▶ _Supplied material_:
⟨
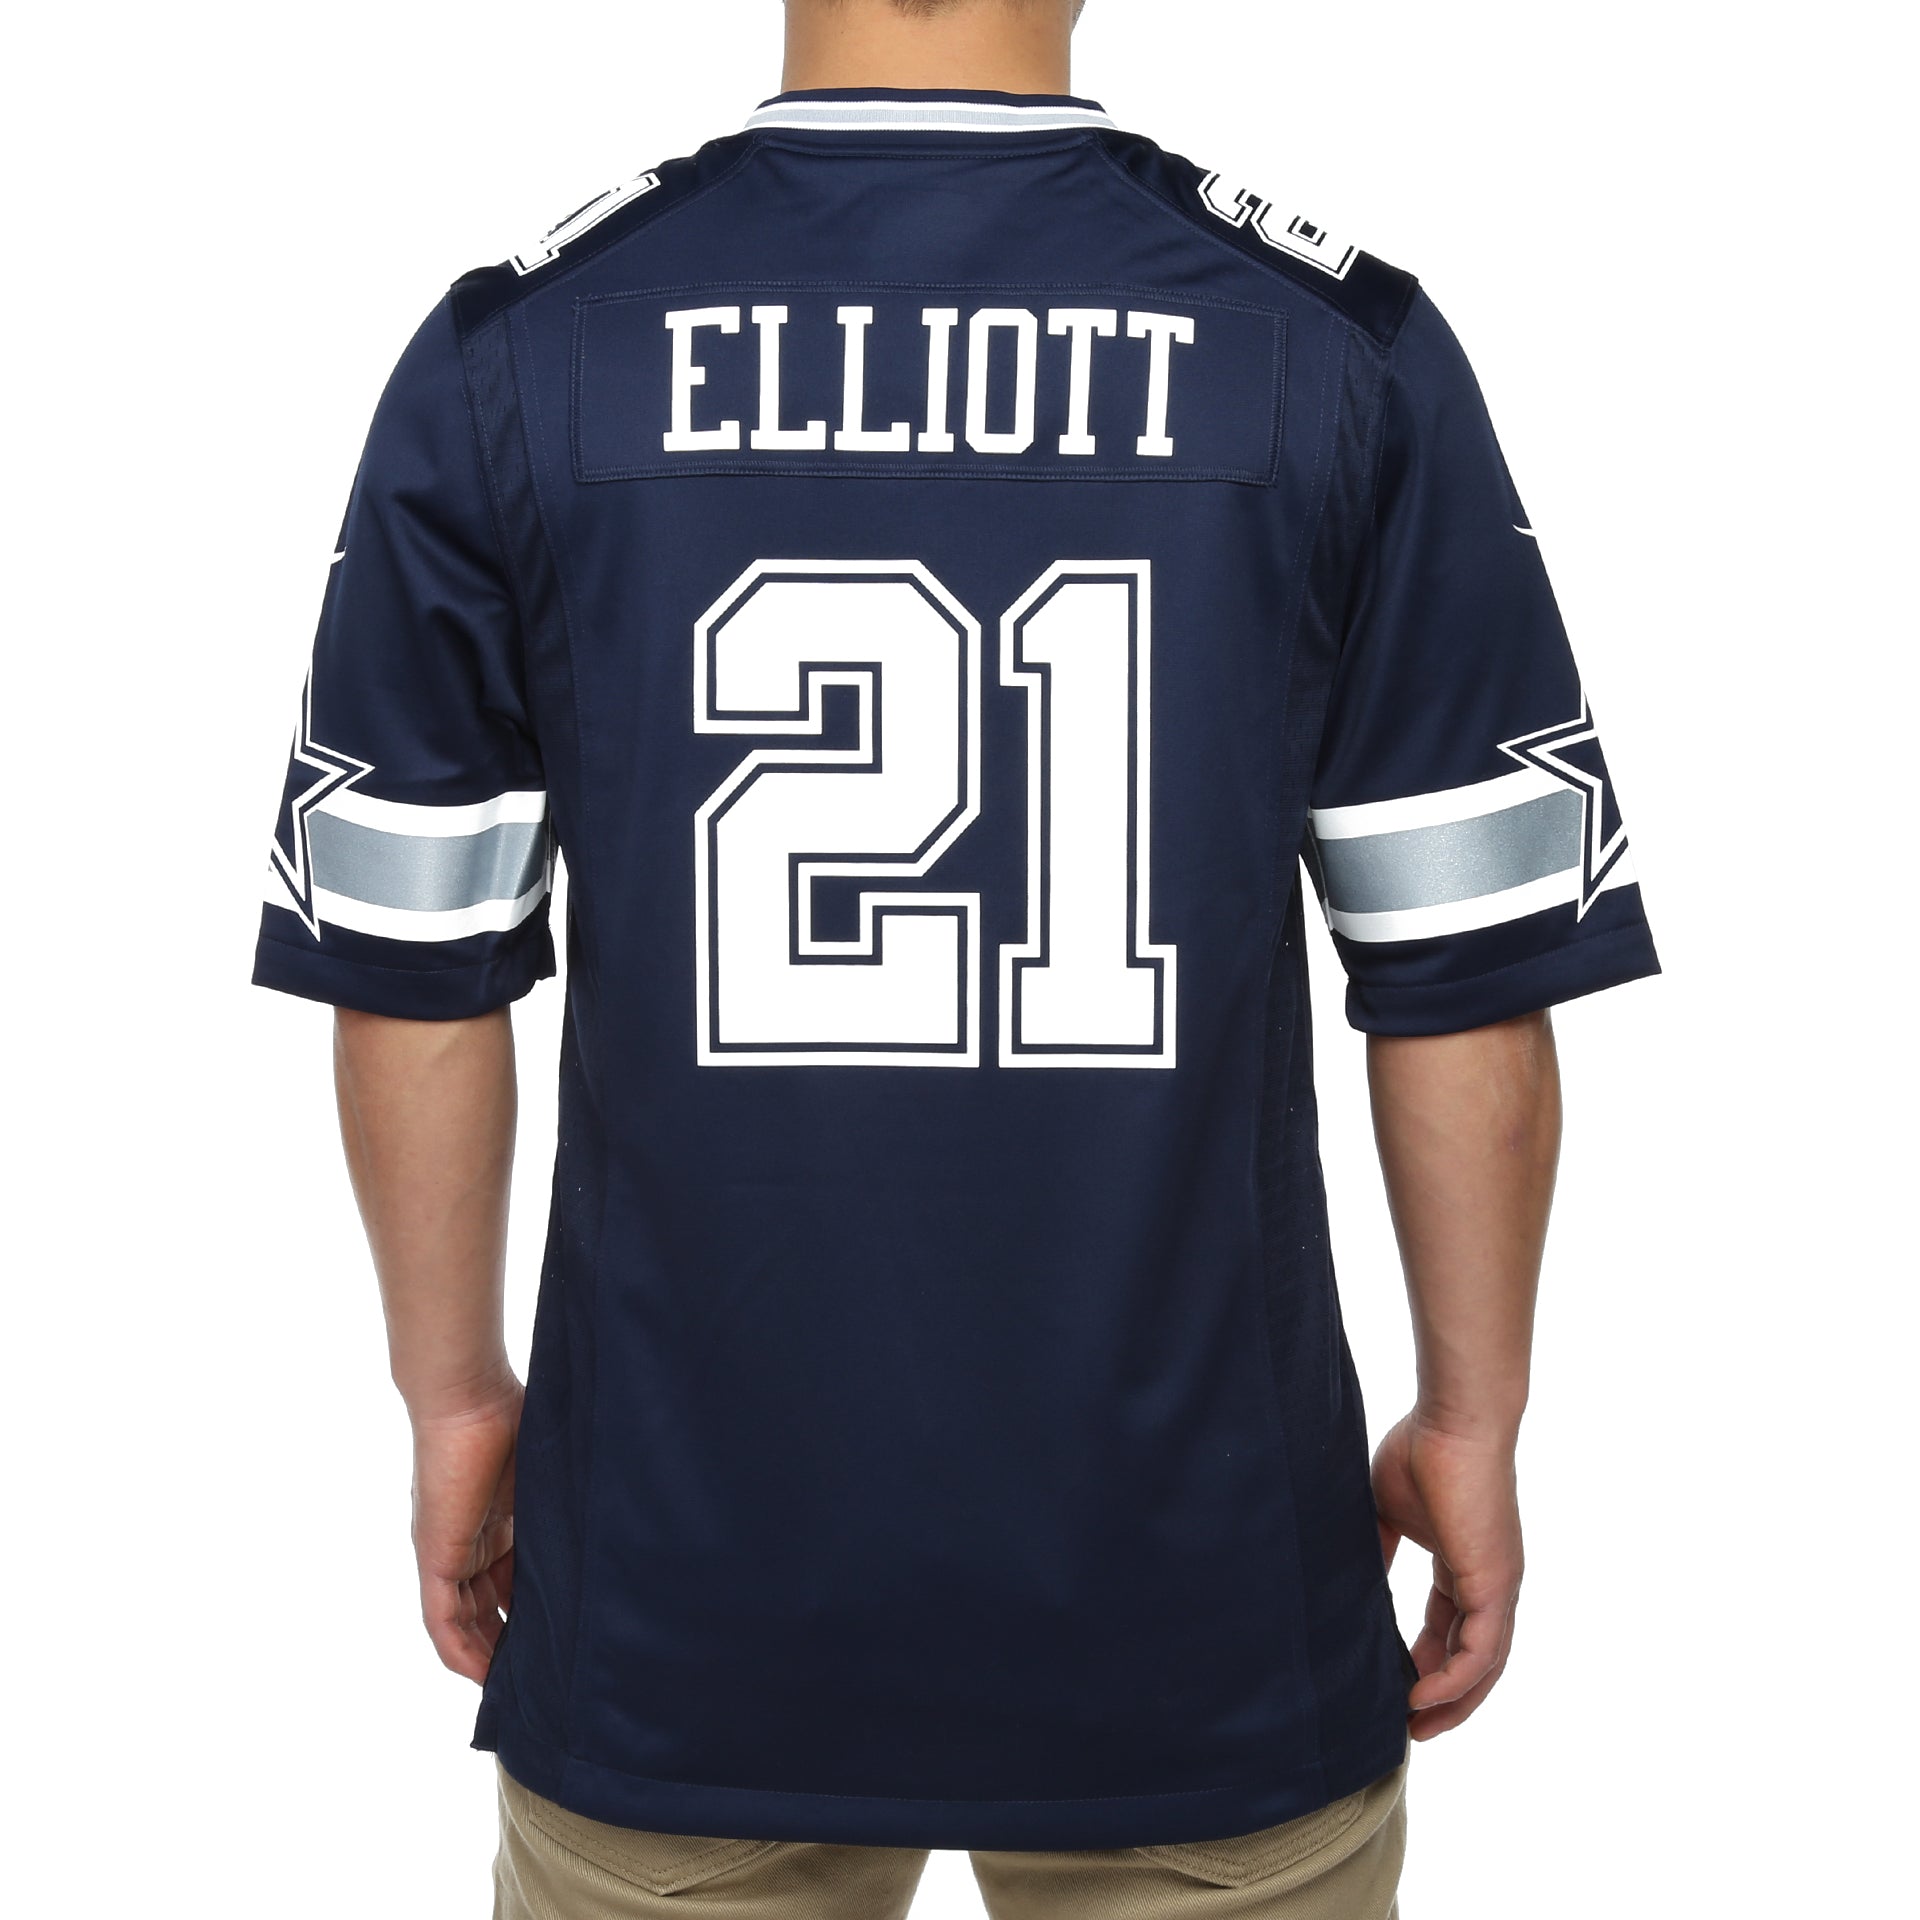 Dallas Cowboys x Nike Ezekiel Elliott #21 Game Replica Jersey - Navy - New  Star
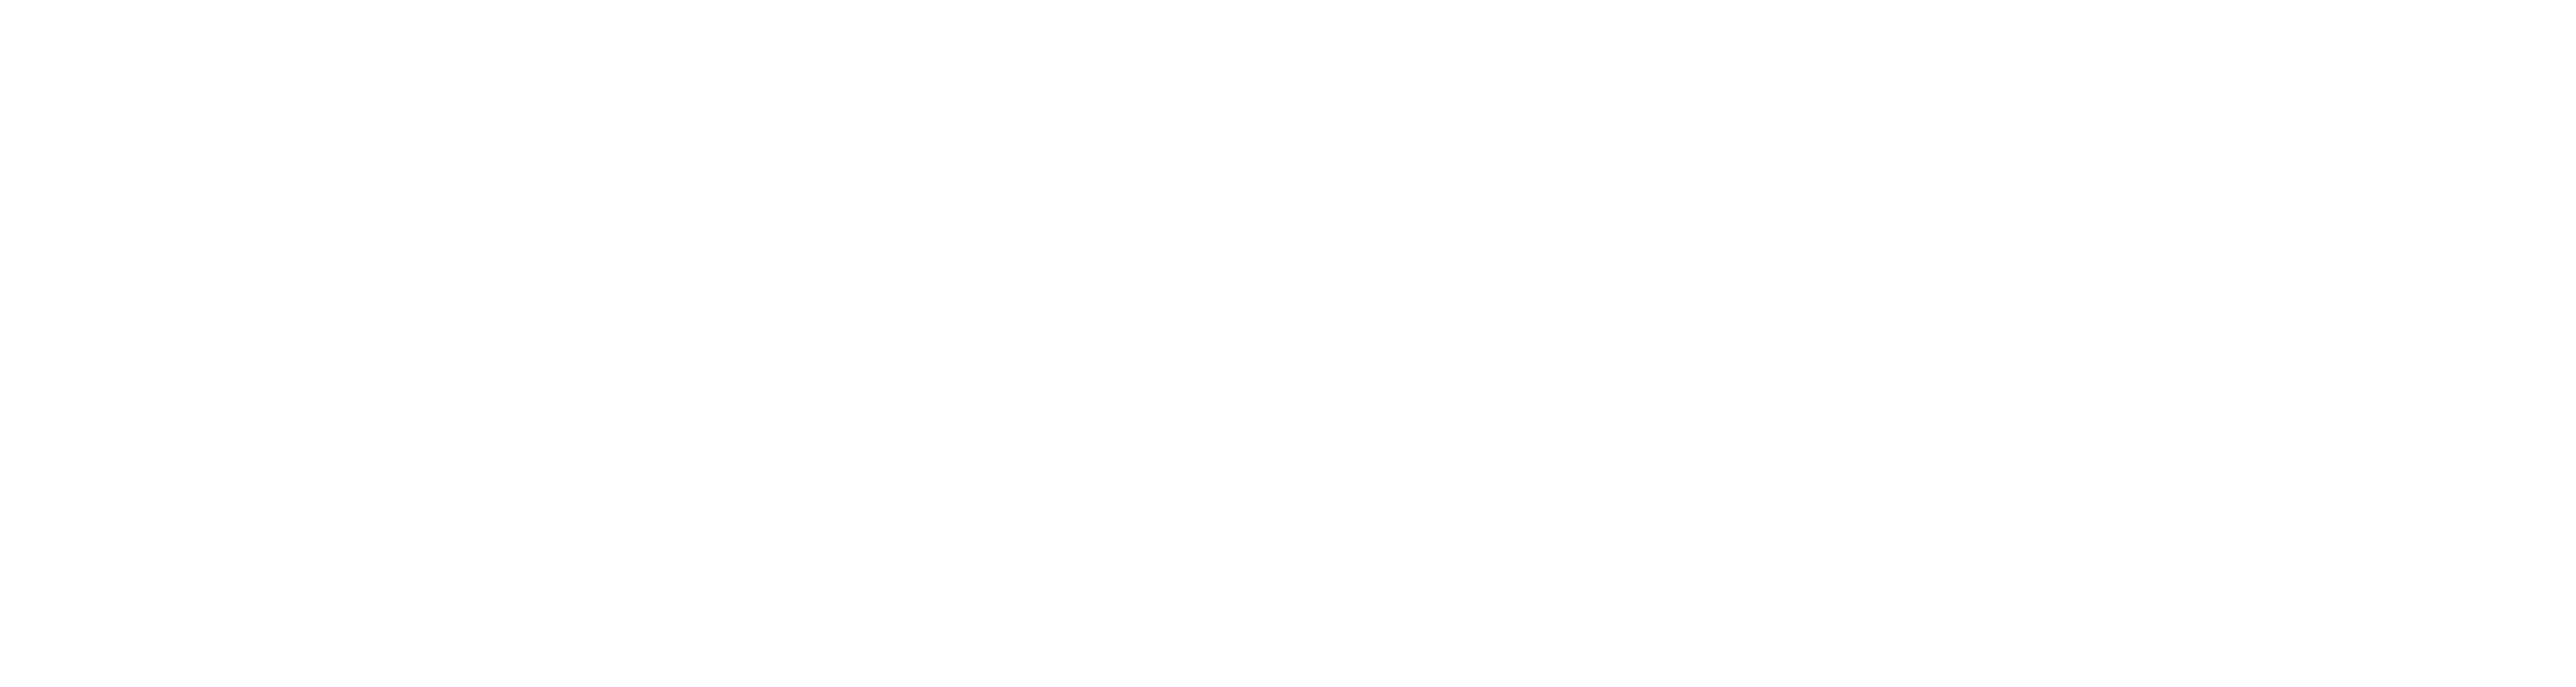 AEC Technology Blanco-02
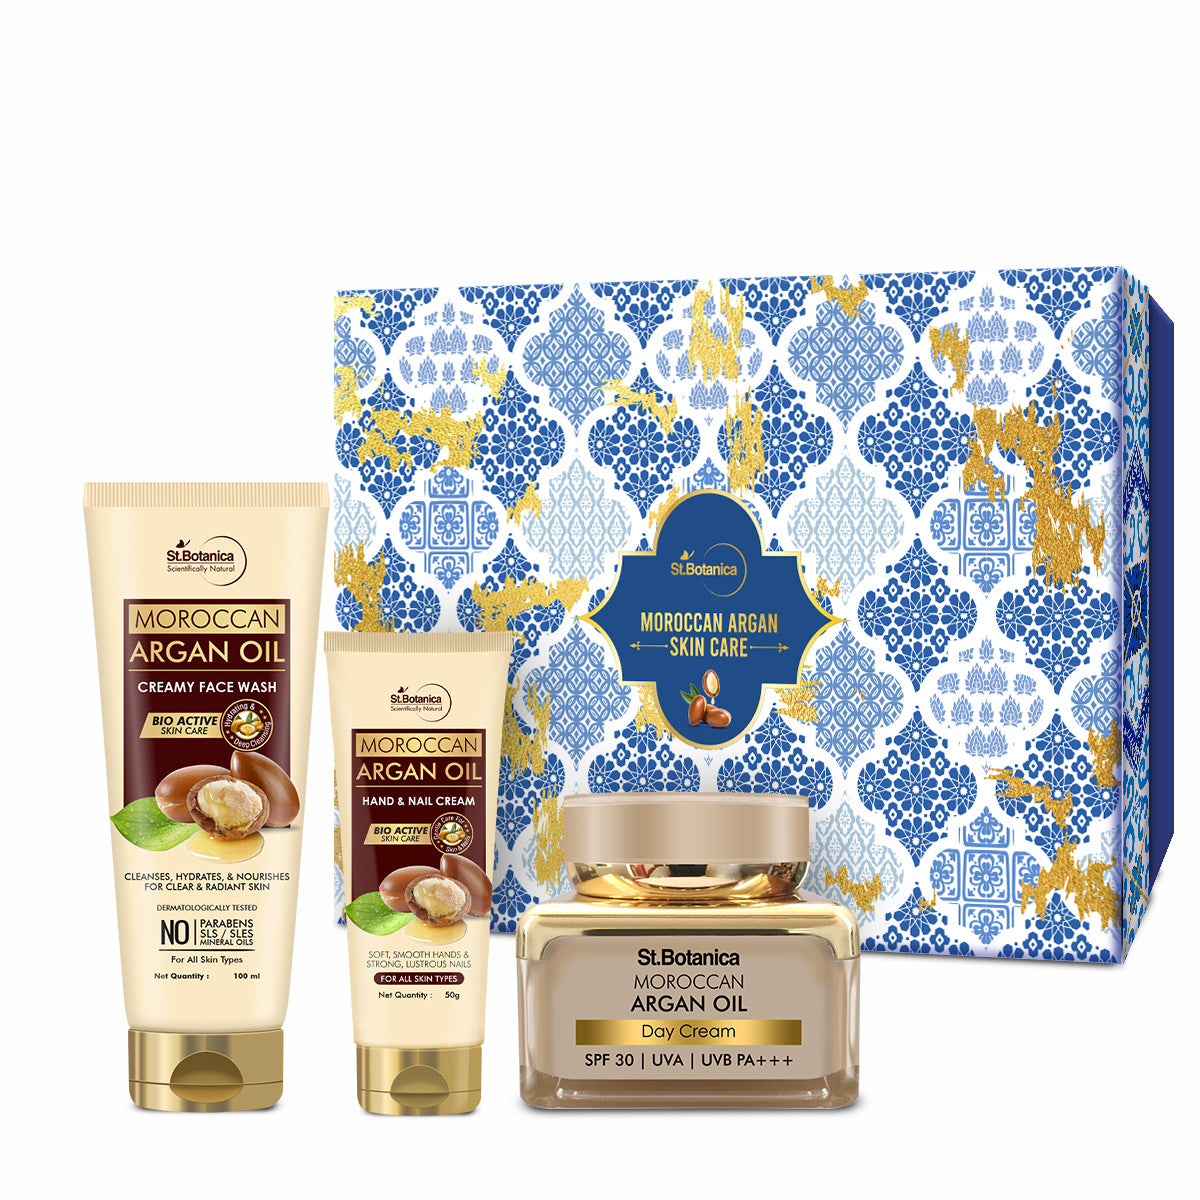 St.Botanica Moroccan Argan Skincare Kit | Day Cream, Face Wash & Hand & Nail Cream | Nourishes Skin
⟩
▶ _Task instructions_:
Find the line with "AEC Technology Blanco-02" in the listing and extract it and all lines after it through the end, exactly, without the pictures.

▶ _Your response_:
 AEC Technology Blanco-02
 St.Botanica Moroccan Argan Skincare Kit | Day Cream, Face Wash & Hand & Nail Cream | Nourishes Skin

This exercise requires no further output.